What you are asked to do
The entries below contain a line with "Rowhill Women's Institute" and a line with "Linda jovencita en". Quote exactly those two lines and all lines between them.

Entries supplied
........
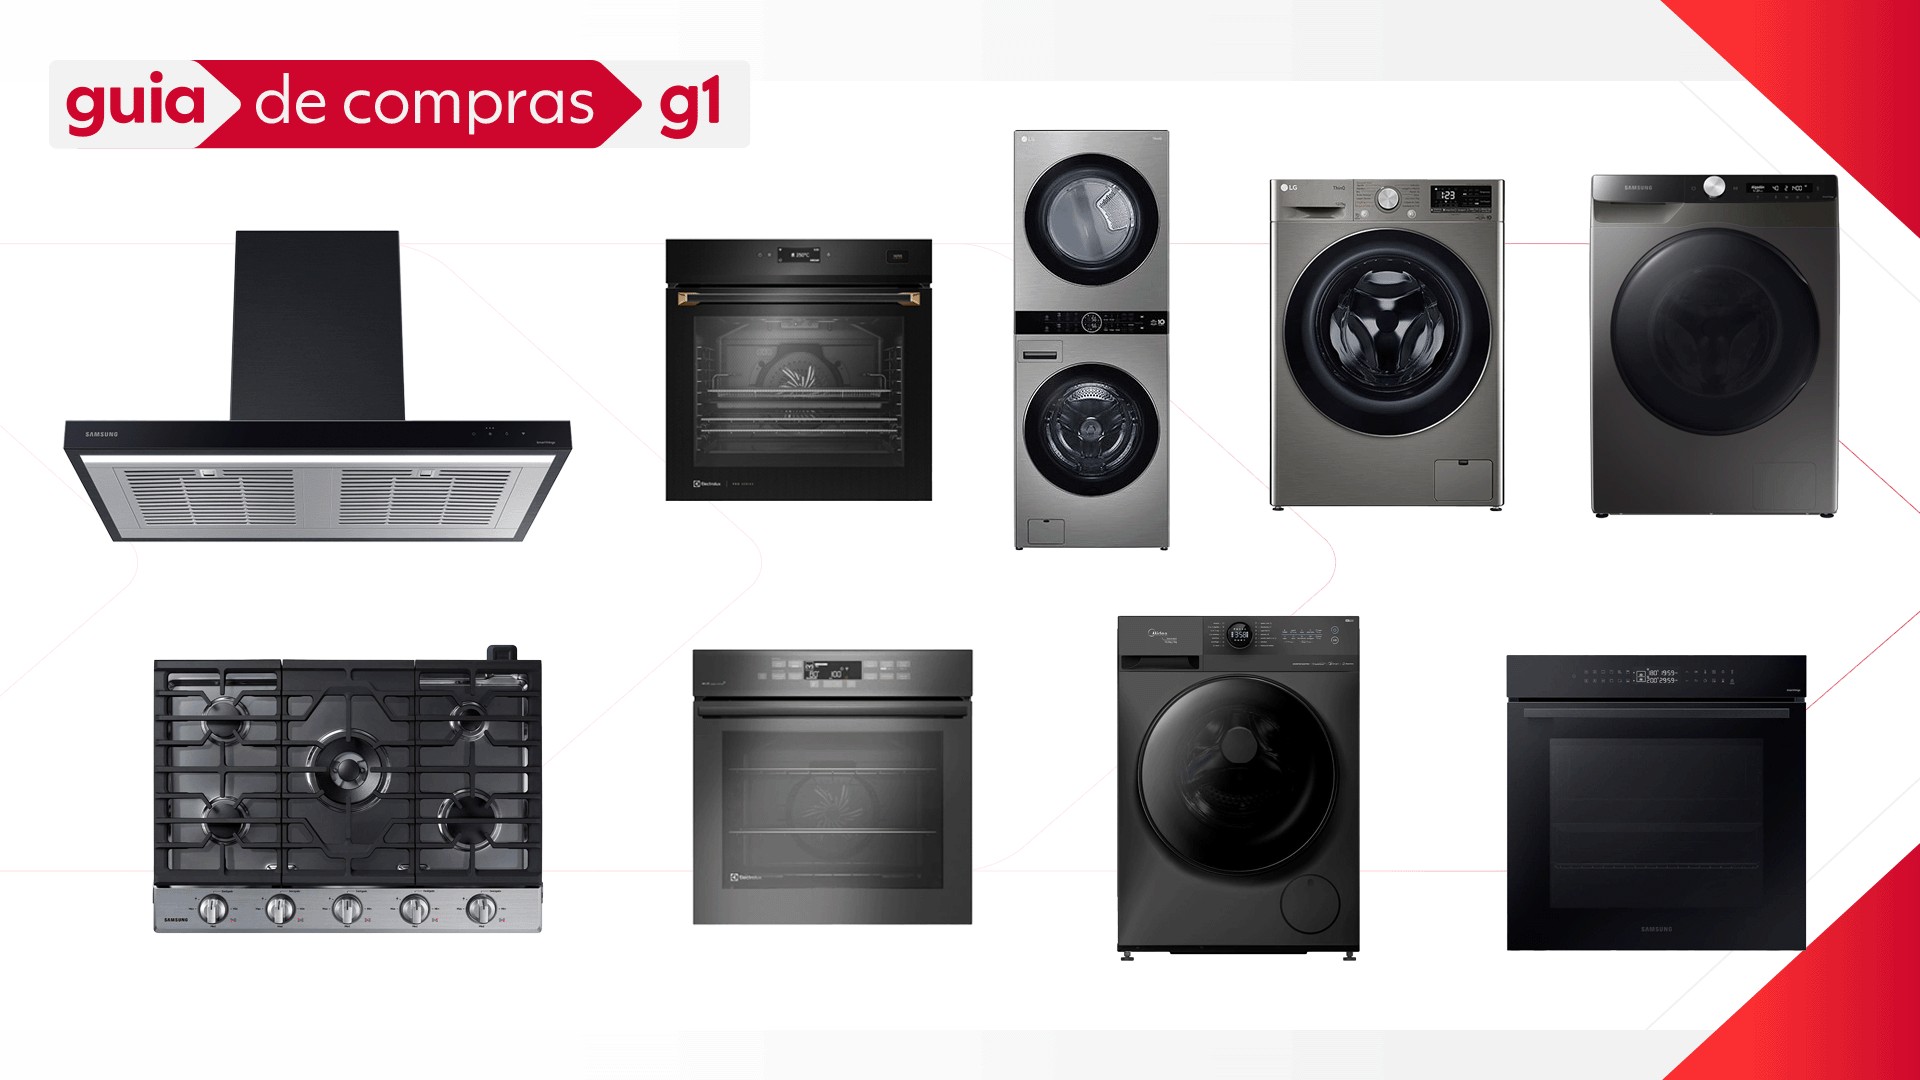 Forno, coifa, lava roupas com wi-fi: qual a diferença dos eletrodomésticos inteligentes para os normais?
........
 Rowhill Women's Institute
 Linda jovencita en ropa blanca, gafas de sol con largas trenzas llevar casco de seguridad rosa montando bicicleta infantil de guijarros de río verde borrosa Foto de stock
........
Answer box
 Rowhill Women's Institute
 Linda jovencita en ropa blanca, gafas de sol con largas trenzas llevar casco de seguridad rosa montando bicicleta infantil de guijarros de río verde borrosa Foto de stock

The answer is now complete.